## Information supplied:
.....
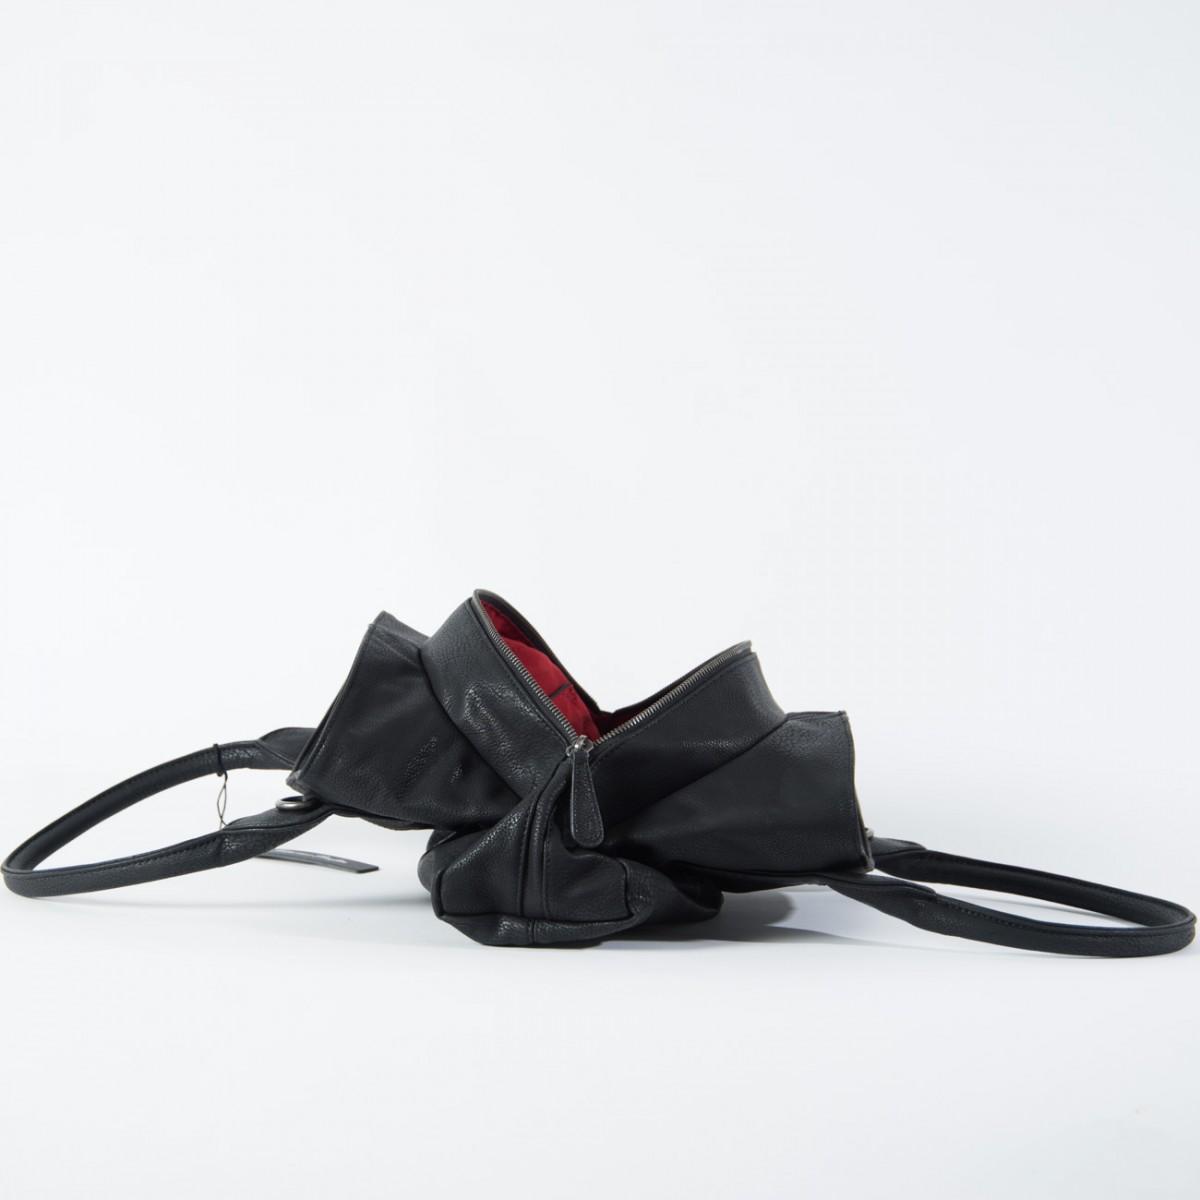 fritzi aus preu en handtasche liselotte berlin black schwarz bild. Black Bedroom Furniture Sets. Home Design Ideas
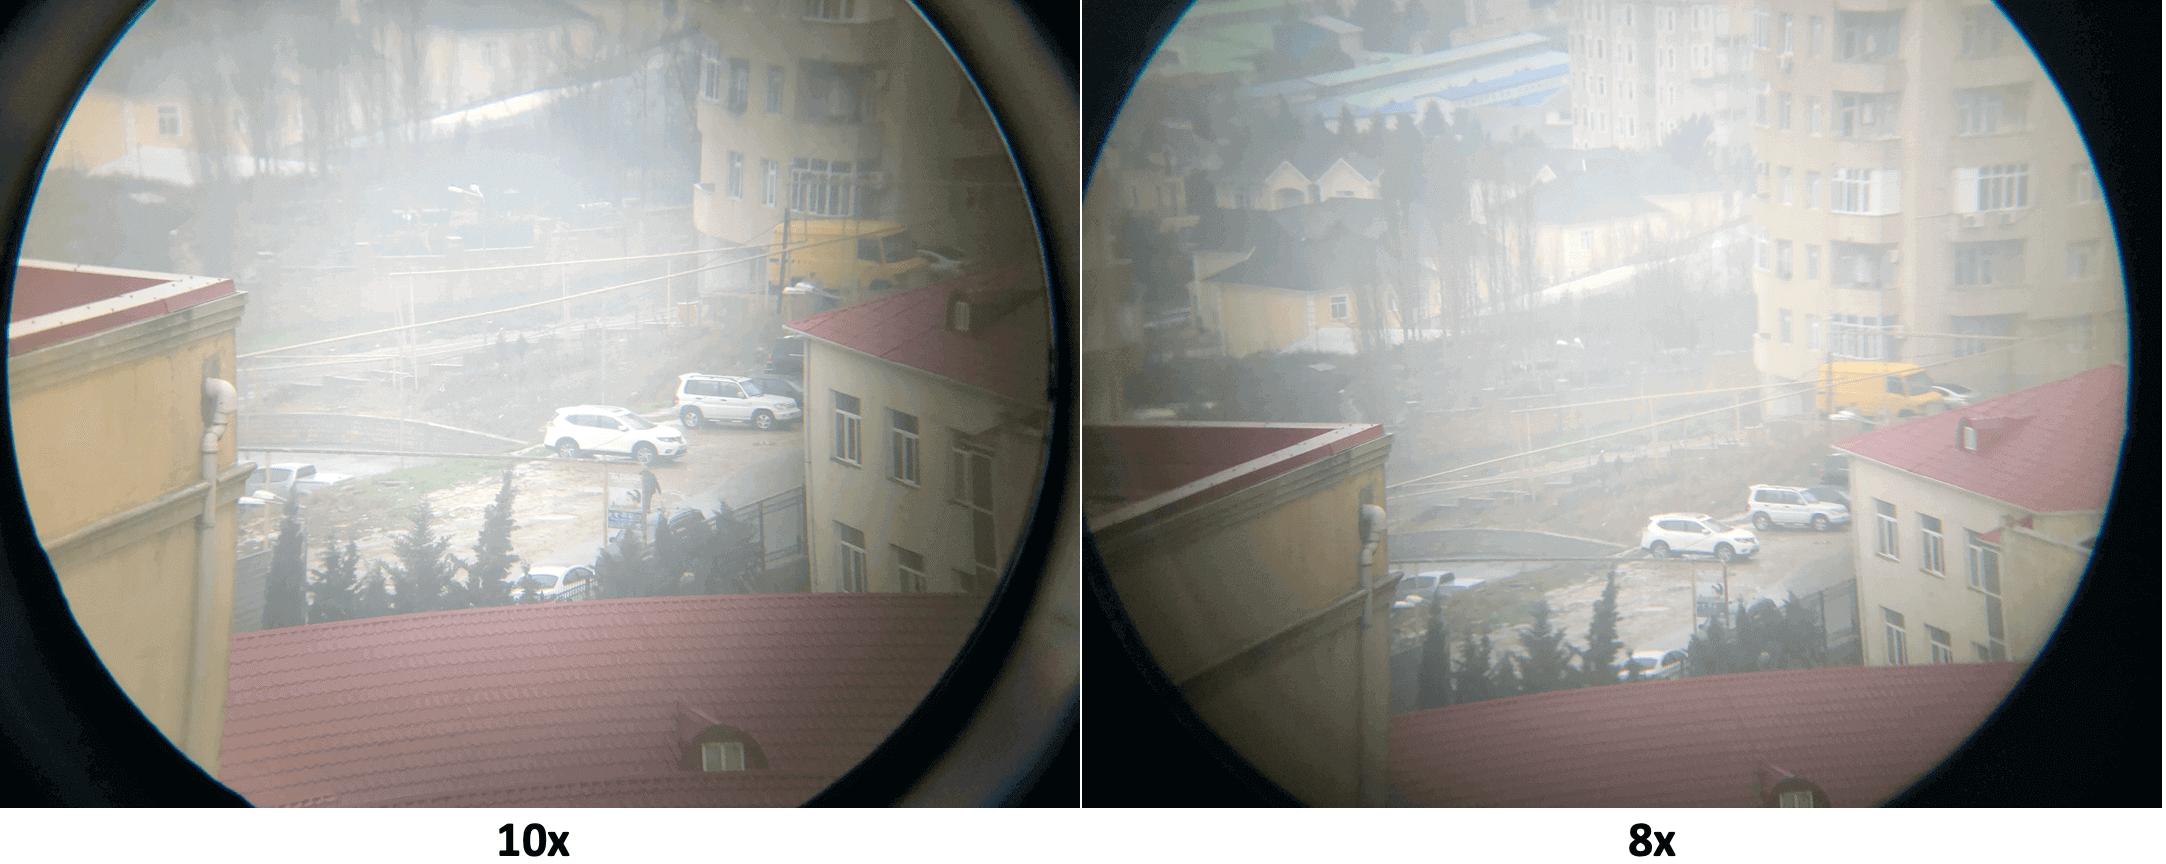 magnification 8x-vs -10x
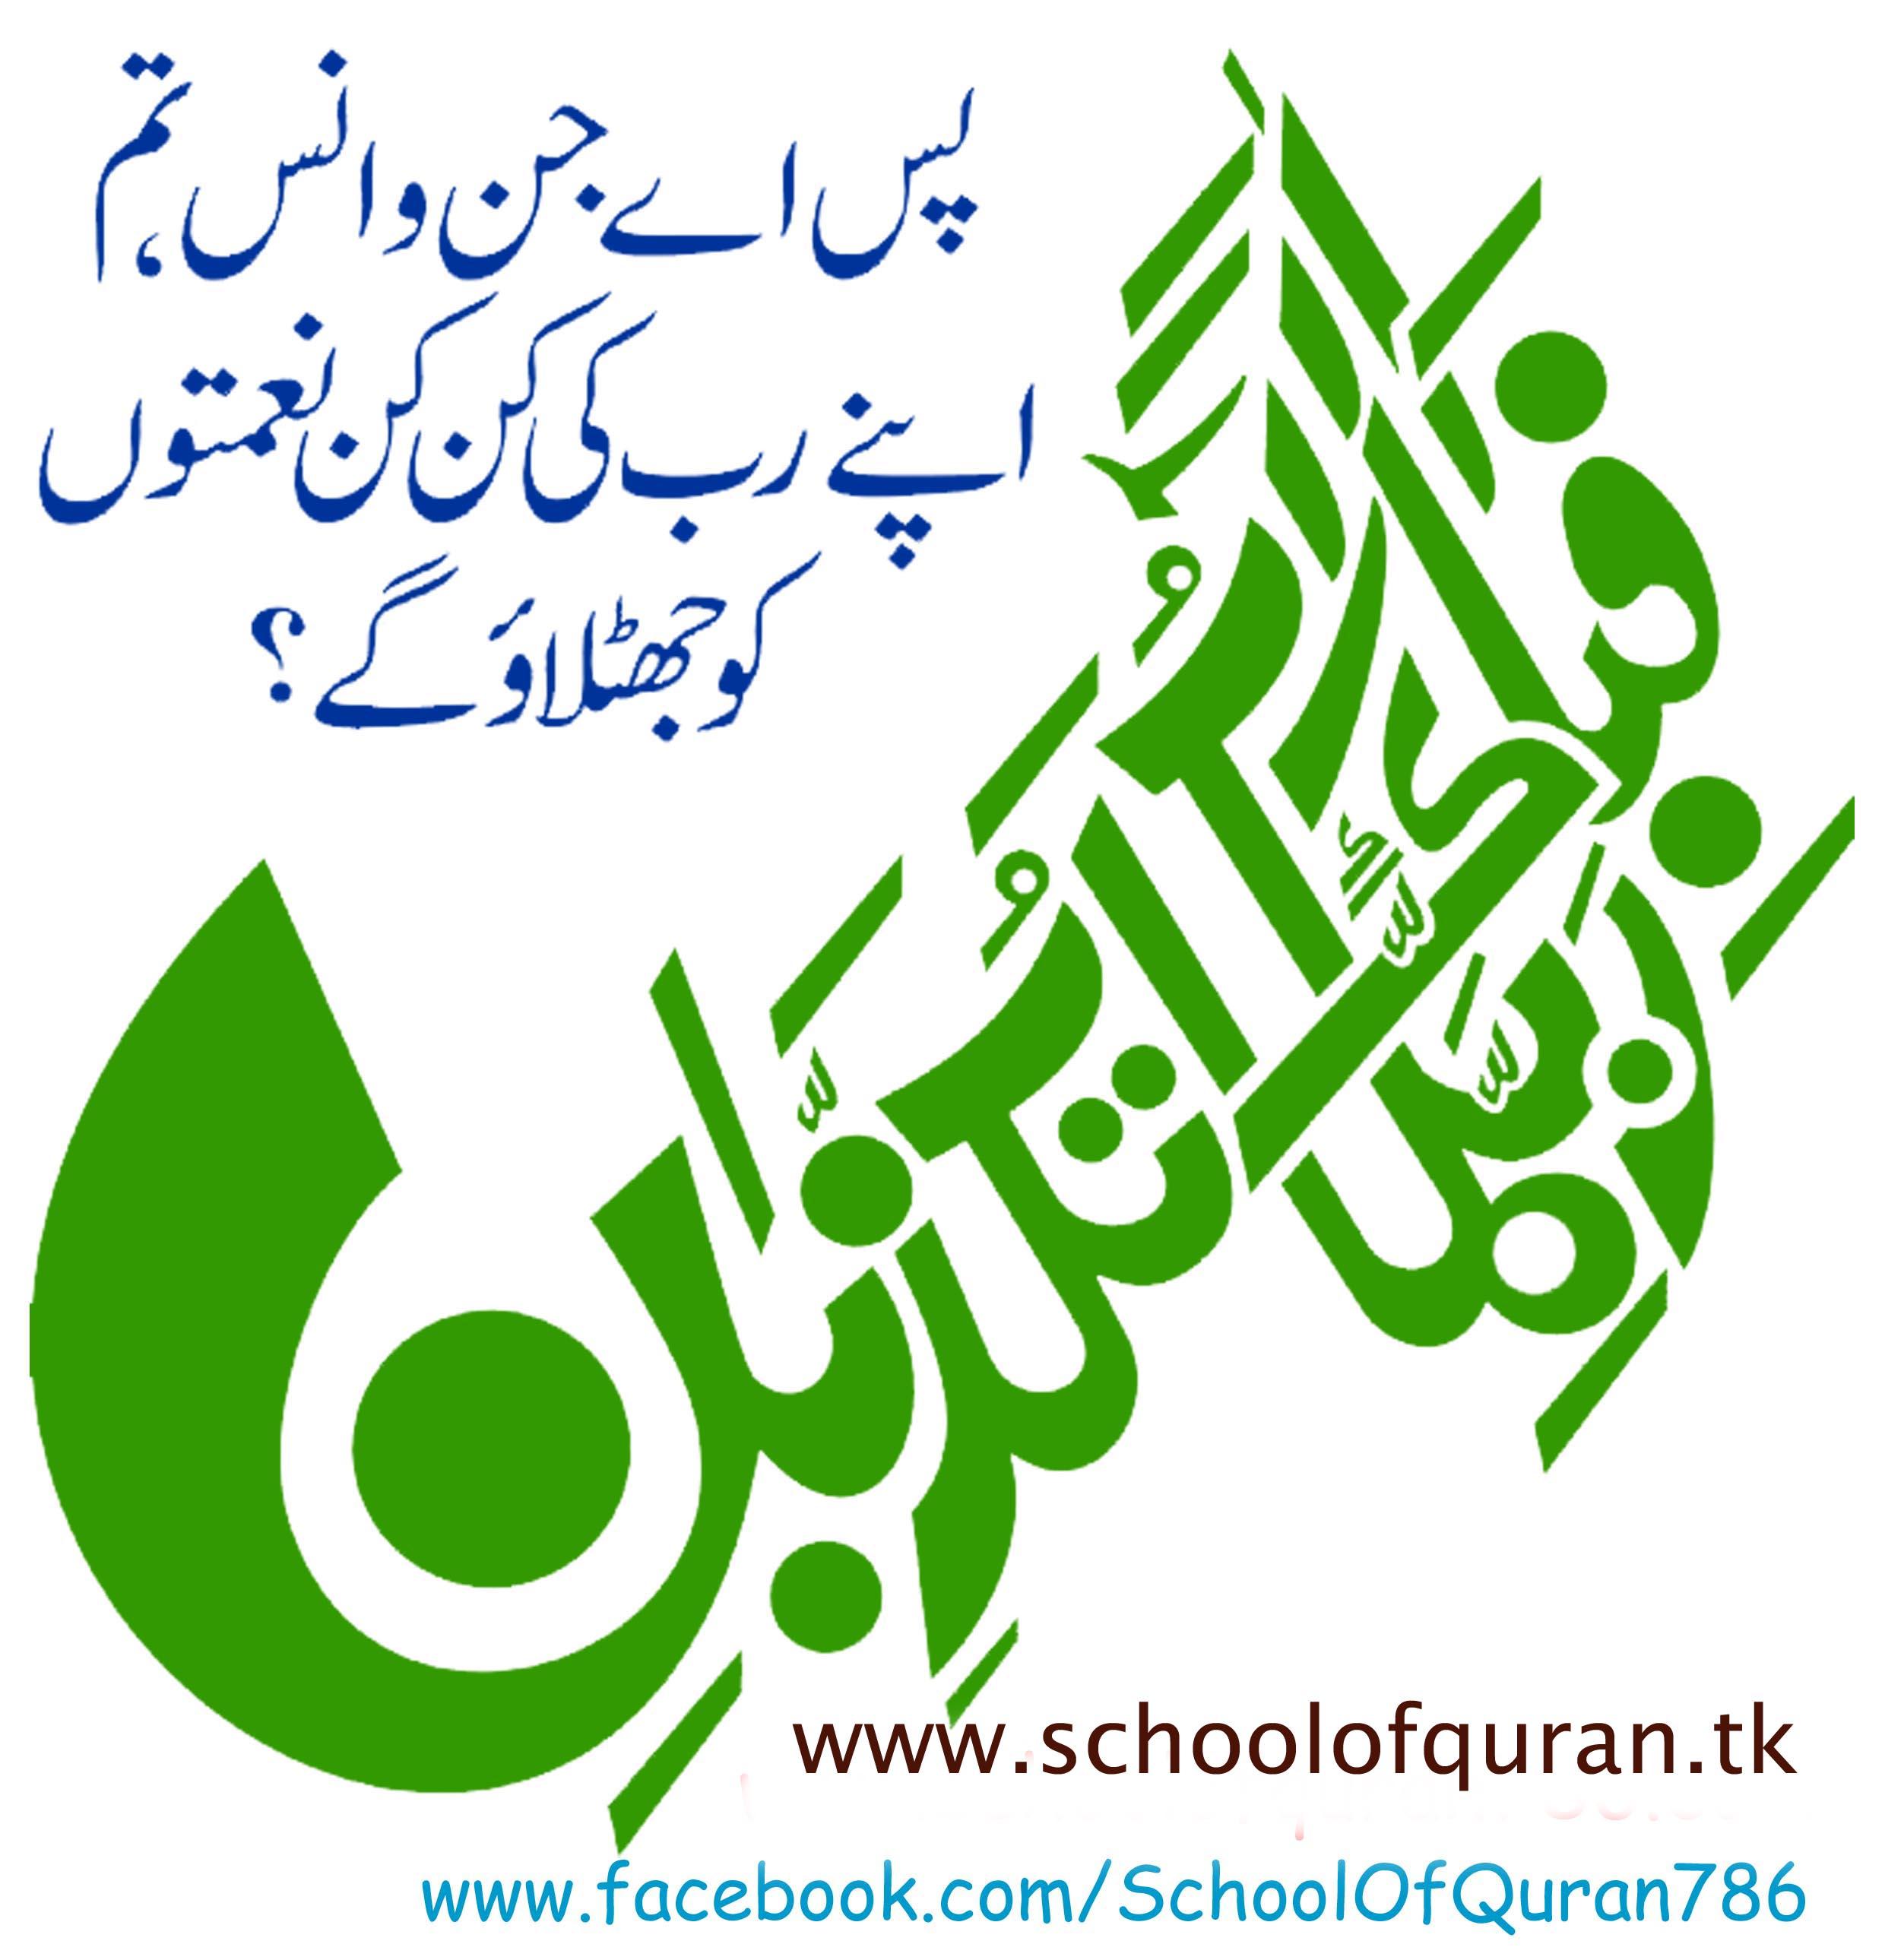 Online Calendaring Free Self Calendaring Central District Of California United Quran Software Free Urdu Translation Filecloudvita
.....
## Exercise brief:
Wherever a picture appears in the data, please drop it and retype the rest exactly.

## Answer to this exercise:
 fritzi aus preu en handtasche liselotte berlin black schwarz bild. Black Bedroom Furniture Sets. Home Design Ideas
 magnification 8x-vs -10x
 Online Calendaring Free Self Calendaring Central District Of California United Quran Software Free Urdu Translation Filecloudvita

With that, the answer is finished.